(Excerpts from a dataset)

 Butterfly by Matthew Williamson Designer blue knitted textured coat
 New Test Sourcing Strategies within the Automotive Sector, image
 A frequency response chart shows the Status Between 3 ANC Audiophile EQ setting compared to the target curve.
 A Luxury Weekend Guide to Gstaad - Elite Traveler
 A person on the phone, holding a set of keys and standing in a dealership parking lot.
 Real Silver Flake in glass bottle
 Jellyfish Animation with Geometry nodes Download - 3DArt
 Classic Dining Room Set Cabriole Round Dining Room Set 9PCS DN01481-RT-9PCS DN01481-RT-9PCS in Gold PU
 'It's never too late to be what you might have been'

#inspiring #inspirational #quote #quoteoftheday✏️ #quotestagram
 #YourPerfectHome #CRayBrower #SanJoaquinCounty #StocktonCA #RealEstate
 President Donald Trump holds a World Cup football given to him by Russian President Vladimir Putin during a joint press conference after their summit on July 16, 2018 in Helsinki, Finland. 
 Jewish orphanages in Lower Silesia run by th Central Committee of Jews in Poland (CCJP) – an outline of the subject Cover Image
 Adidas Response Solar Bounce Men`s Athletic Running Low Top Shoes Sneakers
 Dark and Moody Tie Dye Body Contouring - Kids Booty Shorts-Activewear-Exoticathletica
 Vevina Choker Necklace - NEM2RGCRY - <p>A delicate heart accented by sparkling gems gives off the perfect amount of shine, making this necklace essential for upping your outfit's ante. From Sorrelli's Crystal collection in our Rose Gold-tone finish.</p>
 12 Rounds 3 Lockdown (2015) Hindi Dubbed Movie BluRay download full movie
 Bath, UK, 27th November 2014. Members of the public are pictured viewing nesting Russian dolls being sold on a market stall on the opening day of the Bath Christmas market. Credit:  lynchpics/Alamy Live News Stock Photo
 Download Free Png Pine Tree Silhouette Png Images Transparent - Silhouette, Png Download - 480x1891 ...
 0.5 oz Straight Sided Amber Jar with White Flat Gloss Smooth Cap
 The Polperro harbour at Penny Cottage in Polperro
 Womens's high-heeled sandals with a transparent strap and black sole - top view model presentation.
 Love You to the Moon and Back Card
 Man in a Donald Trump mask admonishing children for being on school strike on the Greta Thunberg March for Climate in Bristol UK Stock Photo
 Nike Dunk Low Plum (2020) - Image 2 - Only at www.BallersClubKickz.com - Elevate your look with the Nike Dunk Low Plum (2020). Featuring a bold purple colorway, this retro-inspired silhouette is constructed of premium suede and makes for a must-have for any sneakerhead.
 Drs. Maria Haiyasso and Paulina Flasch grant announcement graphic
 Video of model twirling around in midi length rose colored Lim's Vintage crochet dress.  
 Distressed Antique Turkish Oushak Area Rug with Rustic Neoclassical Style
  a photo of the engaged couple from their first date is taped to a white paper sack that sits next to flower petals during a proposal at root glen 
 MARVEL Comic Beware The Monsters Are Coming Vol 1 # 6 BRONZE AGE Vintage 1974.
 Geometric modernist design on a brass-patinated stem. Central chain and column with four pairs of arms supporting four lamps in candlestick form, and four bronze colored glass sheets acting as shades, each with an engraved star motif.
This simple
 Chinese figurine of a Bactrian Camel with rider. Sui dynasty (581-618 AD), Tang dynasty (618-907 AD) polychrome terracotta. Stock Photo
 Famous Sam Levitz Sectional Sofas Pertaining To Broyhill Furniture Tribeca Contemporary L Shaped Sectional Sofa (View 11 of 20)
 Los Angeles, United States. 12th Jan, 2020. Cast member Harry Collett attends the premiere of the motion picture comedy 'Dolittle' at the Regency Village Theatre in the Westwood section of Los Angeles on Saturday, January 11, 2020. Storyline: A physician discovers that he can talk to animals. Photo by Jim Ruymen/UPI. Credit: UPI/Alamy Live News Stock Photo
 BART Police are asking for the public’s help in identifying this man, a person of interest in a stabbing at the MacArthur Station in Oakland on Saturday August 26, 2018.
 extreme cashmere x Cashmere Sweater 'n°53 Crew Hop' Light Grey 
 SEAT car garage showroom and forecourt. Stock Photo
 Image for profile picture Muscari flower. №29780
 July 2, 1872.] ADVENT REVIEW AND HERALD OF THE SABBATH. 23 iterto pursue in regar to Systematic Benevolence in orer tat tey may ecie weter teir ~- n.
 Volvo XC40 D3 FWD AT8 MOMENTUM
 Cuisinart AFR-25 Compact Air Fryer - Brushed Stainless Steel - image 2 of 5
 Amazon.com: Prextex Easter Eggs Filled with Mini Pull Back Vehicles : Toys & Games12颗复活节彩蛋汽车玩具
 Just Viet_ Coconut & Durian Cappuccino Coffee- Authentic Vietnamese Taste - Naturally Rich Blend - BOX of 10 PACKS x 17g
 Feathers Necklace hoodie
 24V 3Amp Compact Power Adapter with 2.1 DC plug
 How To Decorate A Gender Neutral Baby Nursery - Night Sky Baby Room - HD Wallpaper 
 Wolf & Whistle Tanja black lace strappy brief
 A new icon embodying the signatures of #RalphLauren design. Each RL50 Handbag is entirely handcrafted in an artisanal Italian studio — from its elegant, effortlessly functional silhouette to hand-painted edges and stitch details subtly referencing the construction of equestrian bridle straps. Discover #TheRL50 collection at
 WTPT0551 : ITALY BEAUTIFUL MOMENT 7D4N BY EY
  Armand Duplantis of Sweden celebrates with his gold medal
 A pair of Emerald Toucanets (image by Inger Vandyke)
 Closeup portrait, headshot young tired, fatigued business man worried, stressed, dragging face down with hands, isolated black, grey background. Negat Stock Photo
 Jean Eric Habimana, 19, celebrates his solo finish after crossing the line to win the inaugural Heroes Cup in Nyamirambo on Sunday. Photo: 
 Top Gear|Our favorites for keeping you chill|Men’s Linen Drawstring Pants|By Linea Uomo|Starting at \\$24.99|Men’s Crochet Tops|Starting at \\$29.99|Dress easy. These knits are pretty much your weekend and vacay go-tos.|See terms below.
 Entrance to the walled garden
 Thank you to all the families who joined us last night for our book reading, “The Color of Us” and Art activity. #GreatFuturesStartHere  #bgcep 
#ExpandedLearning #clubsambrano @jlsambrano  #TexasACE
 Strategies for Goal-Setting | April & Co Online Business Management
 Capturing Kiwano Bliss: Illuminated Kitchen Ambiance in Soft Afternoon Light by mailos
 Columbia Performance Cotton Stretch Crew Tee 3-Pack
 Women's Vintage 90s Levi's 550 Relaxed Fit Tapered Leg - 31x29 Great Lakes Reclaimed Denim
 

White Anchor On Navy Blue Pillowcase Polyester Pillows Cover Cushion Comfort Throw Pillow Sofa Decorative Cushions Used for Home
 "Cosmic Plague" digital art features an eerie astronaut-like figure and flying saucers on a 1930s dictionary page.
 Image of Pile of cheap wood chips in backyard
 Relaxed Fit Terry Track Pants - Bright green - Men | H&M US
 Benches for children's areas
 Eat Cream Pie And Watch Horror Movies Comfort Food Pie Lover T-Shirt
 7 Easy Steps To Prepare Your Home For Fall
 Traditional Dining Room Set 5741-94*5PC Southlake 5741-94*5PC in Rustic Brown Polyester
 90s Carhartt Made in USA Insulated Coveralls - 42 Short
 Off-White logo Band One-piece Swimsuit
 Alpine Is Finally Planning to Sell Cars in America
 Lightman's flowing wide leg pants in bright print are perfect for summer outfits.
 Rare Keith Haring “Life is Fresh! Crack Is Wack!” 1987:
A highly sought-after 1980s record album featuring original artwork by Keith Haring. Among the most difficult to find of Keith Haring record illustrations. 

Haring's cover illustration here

| What you should do |
Track down all lines above with the string "have" and copy them.

| Answer space |
 'It's never too late to be what you might have been'
 Nike Dunk Low Plum (2020) - Image 2 - Only at www.BallersClubKickz.com - Elevate your look with the Nike Dunk Low Plum (2020). Featuring a bold purple colorway, this retro-inspired silhouette is constructed of premium suede and makes for a must-have for any sneakerhead.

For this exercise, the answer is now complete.